Country which generosity is the highest vs country with the lowest generosity.
max_g <- max(happy$Generosity)
subset(happy[c(2,8)], Generosity == max_g)
## Country.or.region Generosity
## 131 Myanmar 0.566
min_g <- min(happy$Generosity)
subset(happy[c(2,8)], Generosity == min_g)
## Country.or.region Generosity
## 82 Greece 0
After analyzing data of Global Happiness Levels in the world, created by the United Nations Sustainable Development Solutions Network,I was able to discover no significat impact of the generosity factor in determining “happiness.” I decided to focus on creating graphs of their relationship to confirm more that there is no direct relation between these factors.
By looking at and analyzing the report, I was able to discover if being generous really makes countries and their citizens happier and if does have significant correlation with happiness. As I thought that generosity will make people happy but my analysis proved that it is not a factor.
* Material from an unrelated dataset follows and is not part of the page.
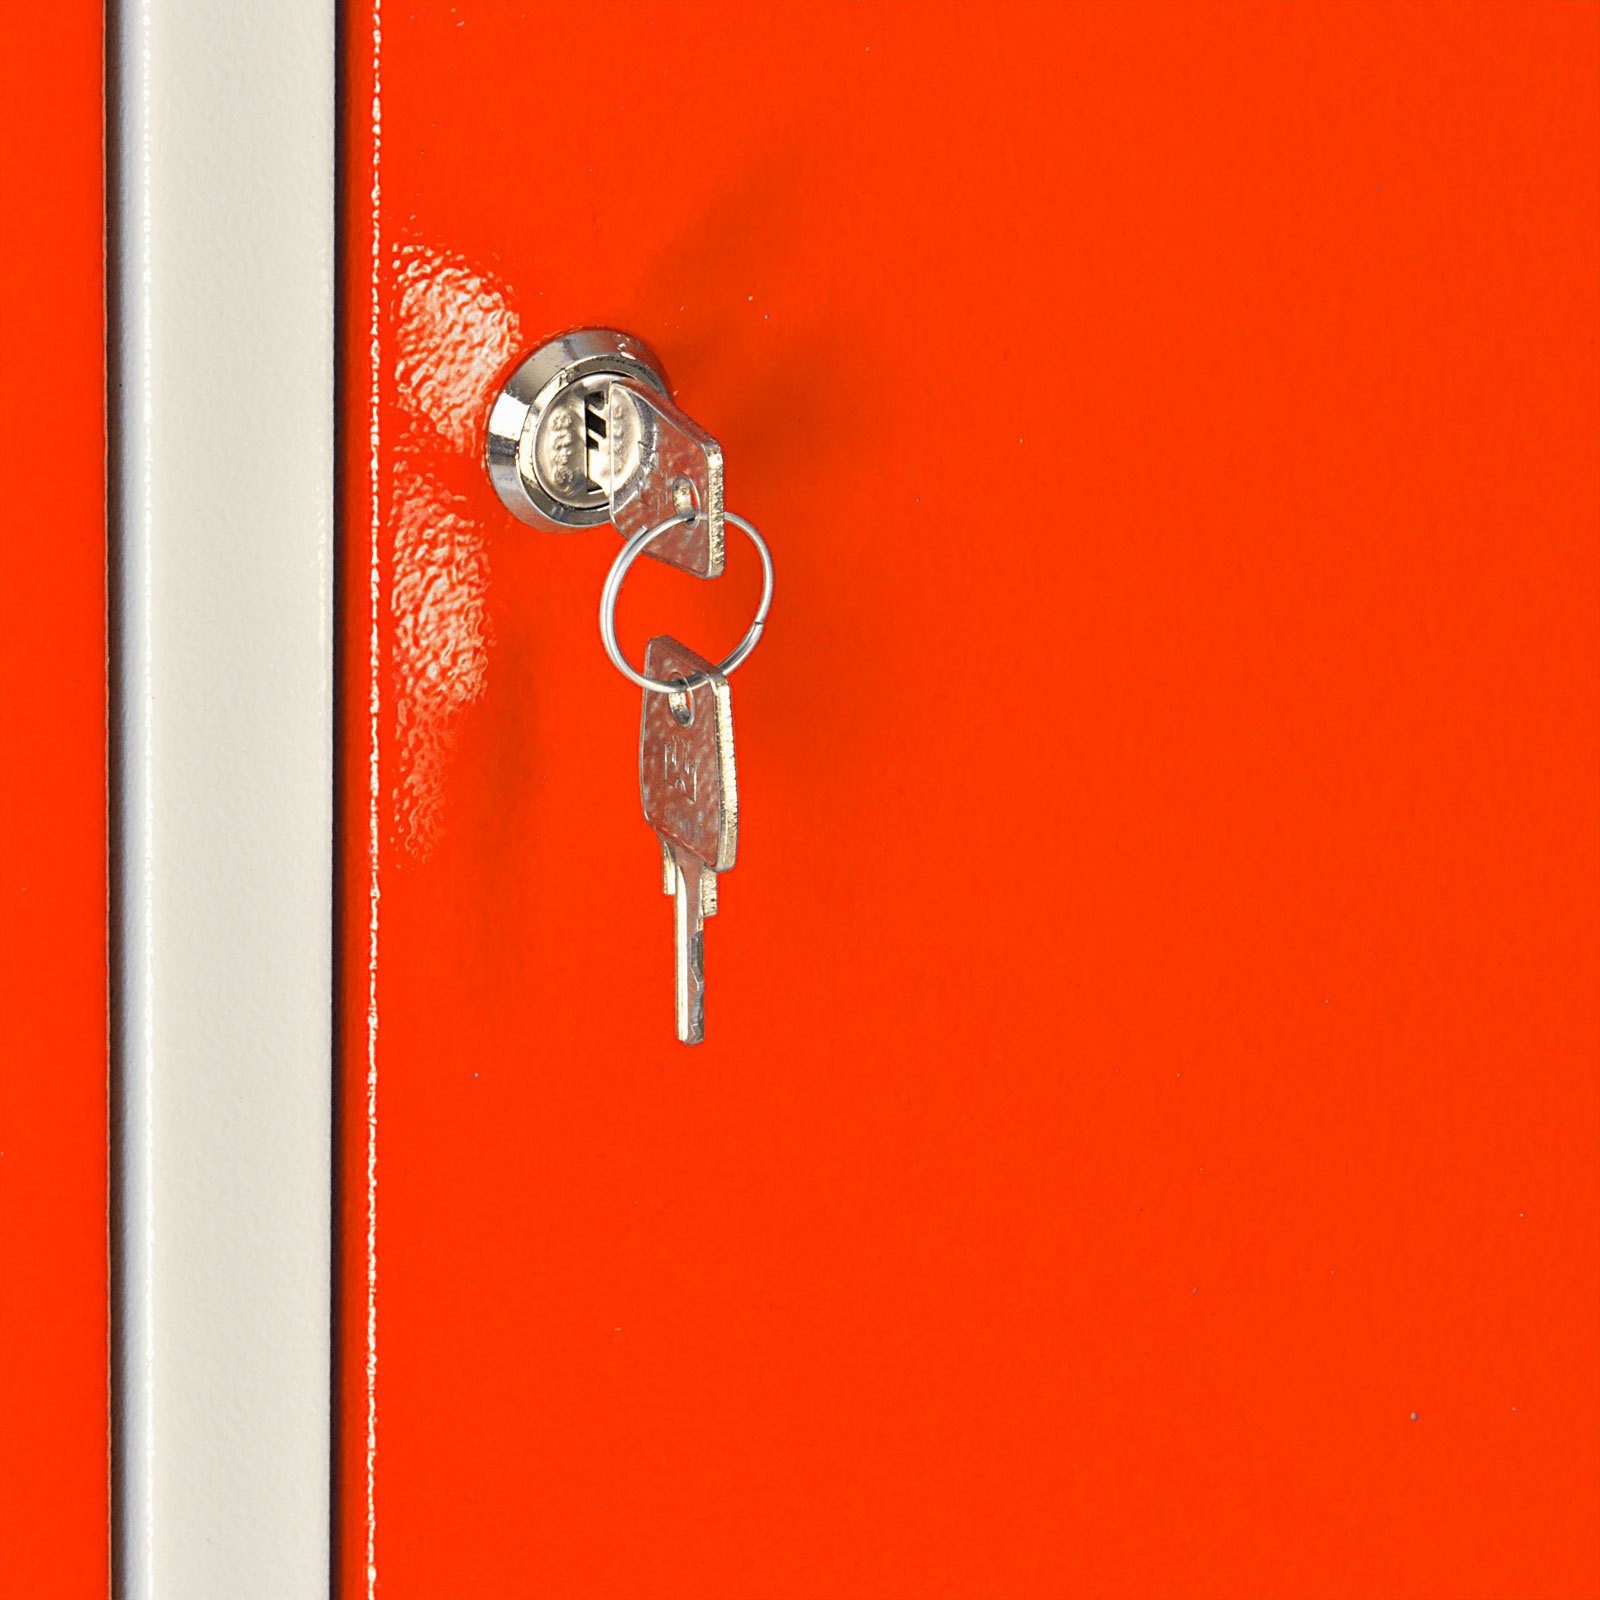 Ermine Garderobenschrank mit Türen, PROREGAL® 178x60x50cm, HxBxT 2 Garderobenschrank Grau/Orange Hellrotorange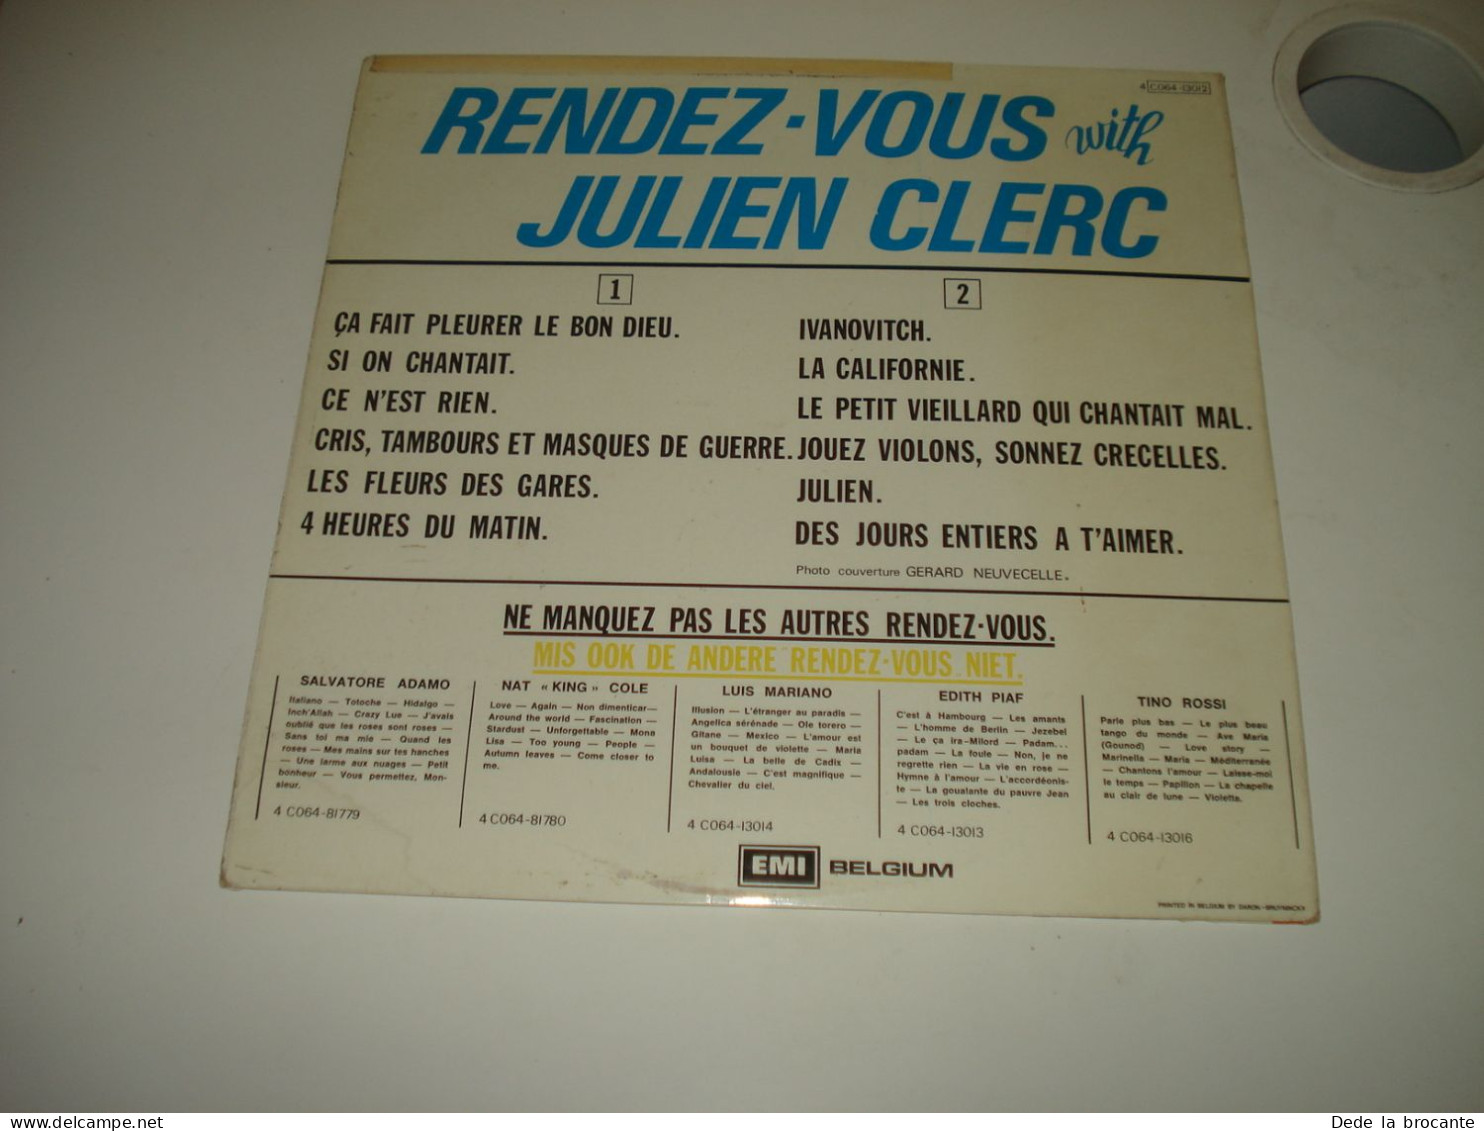 B14 / Julien Clerc – Rendez-Vous With Julien Clerc - 4C064-1312 - BE 1974  NM/EX - Disco, Pop

After running test on all variable in below graph we was able what have the biggest impact on the happiness score according to the World Happiness Report. It turned out that gross domestic product (GDP) per capital has the biggest impact, means the richer country happier people.
corrplot(cor(happy %>%
select(Score:Perceptions.of.corruption)),
method="color",
sig.level = 0.01, insig = "blank",
addCoef.col = "black",
tl.srt=45,
type="upper"
)